Хронологически система производства монет стала напряженной в обстоятельствах, предшествовавших вторжениям кочевников. Очевидно, что не все в регионе было хорошо вплоть до дня (или, по сценарию Тарна, битвы), которая обрекла греческих правителей и их ремесленников. Фактически, эти вторжения могли быть следствием, а не причиной краха Бактрии. Каковы бы ни были непосредственные обстоятельства (гражданская война, чума, землетрясение, отравление окружающей среды или какая-то другая серия бедствий), которые побудили греков эвакуироваться их Ай-Ханума, условия, возможно, уже заставили рабочих монетных дворов и их руководителей отказаться от самых высоких стандартов своего ремесла. Кочевники-захватчики могли просто вторгнуться, чтобы воспользоваться какой-то ухудшающейся ситуацией, во многом так же, как они сделали в Согдиане, когда греки сражались с греками во время осады Бактры. Условия еще больше ухудшились после убийства Эвкратида, поскольку стрессы, связанные с ресурсами и народами царства Гелиокла, привели к росту и серьезности ошибок чеканки. Кочевники стали удобным козлом отпущения за весь упадок и падение эллинистической Бактрии, но на этой границе — как позже на римской — внутренние кризисы и крах системы могут быть лучшим объяснением.

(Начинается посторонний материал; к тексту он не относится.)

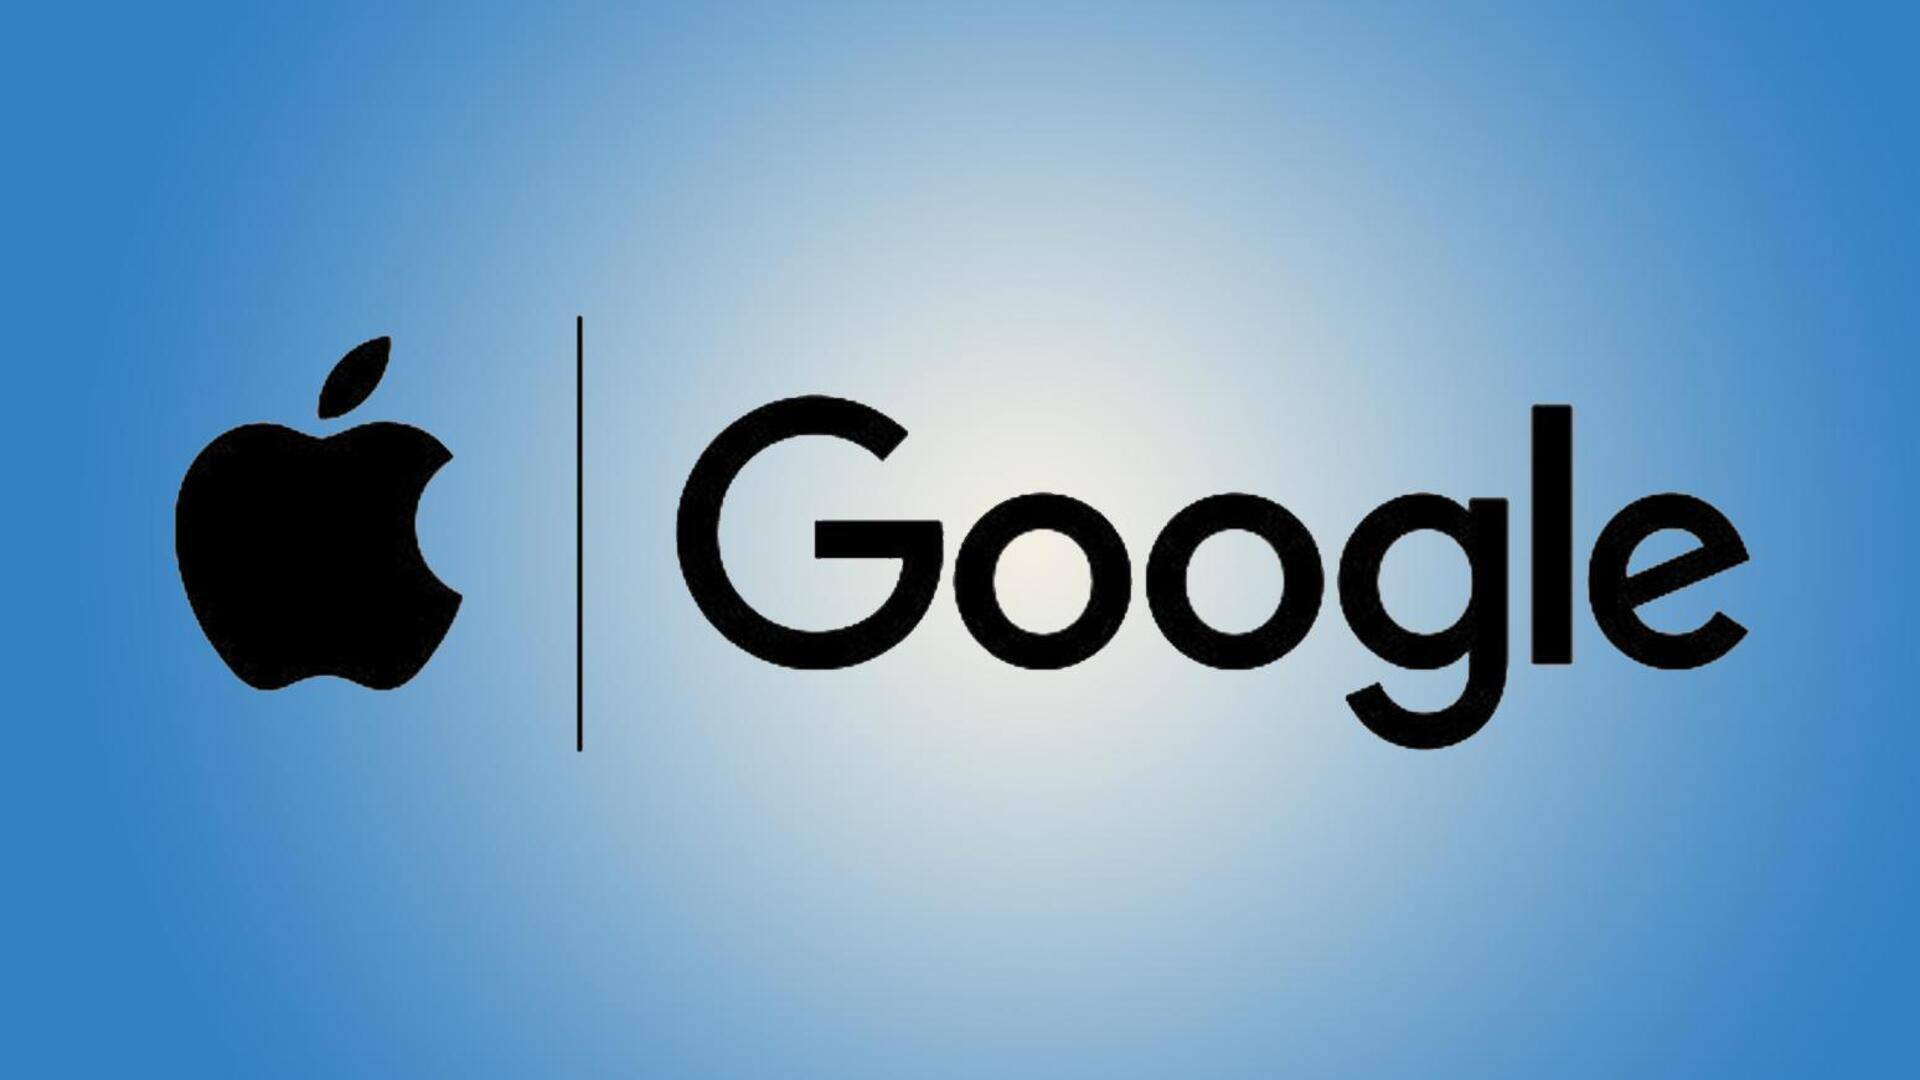 ऐपल और गूगल से पुश नोटिफिकेशन डाटा मांग रहीं सरकारें, करना चाहती हैं यूजर्स की जासूसी

Теперь, кажется, несомненно, что поддержание чистой и незагрязненной формы эллинизма не было главной целью населения Бактрии в те кризисные времена. По-видимому, на всех других этапах операционного цикла по-прежнему проявлялась осторожность, обеспечивая адекватный — на самом деле увеличенный — запас слитков, должным образом проверенных. Тем не менее, допускались дефектные штемпеля, отбивающие десятки тысяч монет каждый. Неужели не было времени проверить один из пяти штемпелей или одину из нескольких тысяч монет? Если нет, то ситуация, должно быть, была ужасной. Возможно, также, что многие из монет предназначались для тех, кто имел другие ожидания от греков, например, для иностранных наемников. Монеты массового производства, в отличие от нескольких памятников и надписей, доказывают, что бактрийское общество находилось в состоянии изменения и что нормы поведения были менее строгими. По крайней мере, это, кажется, уроком когнитивной нумизматики, поскольку она исследует переднюю часть цепочки операций. Далее мы обратимся к поведению, отраженному за пределами этих монетных дворов.